Filter the listing down to the lines containing the word "from".

——

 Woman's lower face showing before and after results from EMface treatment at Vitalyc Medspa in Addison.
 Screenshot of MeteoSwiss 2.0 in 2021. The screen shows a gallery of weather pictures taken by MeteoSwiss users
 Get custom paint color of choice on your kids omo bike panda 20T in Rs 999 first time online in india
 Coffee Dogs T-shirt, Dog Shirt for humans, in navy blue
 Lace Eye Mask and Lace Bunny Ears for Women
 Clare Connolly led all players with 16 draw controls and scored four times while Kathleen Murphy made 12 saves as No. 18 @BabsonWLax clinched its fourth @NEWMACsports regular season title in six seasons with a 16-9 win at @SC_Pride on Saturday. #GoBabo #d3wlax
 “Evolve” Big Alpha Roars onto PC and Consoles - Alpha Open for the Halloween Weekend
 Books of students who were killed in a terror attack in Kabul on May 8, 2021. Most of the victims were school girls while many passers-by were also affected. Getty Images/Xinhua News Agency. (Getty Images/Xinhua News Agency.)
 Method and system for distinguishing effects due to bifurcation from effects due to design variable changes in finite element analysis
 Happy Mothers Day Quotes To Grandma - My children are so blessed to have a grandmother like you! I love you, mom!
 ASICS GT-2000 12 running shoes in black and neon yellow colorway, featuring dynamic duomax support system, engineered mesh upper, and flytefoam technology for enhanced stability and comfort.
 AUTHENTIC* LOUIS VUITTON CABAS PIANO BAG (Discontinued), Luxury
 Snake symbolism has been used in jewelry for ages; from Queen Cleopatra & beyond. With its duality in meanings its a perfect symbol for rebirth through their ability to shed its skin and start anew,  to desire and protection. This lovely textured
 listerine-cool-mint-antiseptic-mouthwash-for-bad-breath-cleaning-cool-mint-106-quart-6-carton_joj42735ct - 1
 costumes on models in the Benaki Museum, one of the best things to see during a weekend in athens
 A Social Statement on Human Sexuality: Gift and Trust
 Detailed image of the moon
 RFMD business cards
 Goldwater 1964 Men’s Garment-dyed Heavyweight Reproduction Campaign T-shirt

——

### Solved problem
 Woman's lower face showing before and after results from EMface treatment at Vitalyc Medspa in Addison.
 Method and system for distinguishing effects due to bifurcation from effects due to design variable changes in finite element analysis
 Snake symbolism has been used in jewelry for ages; from Queen Cleopatra & beyond. With its duality in meanings its a perfect symbol for rebirth through their ability to shed its skin and start anew,  to desire and protection. This lovely textured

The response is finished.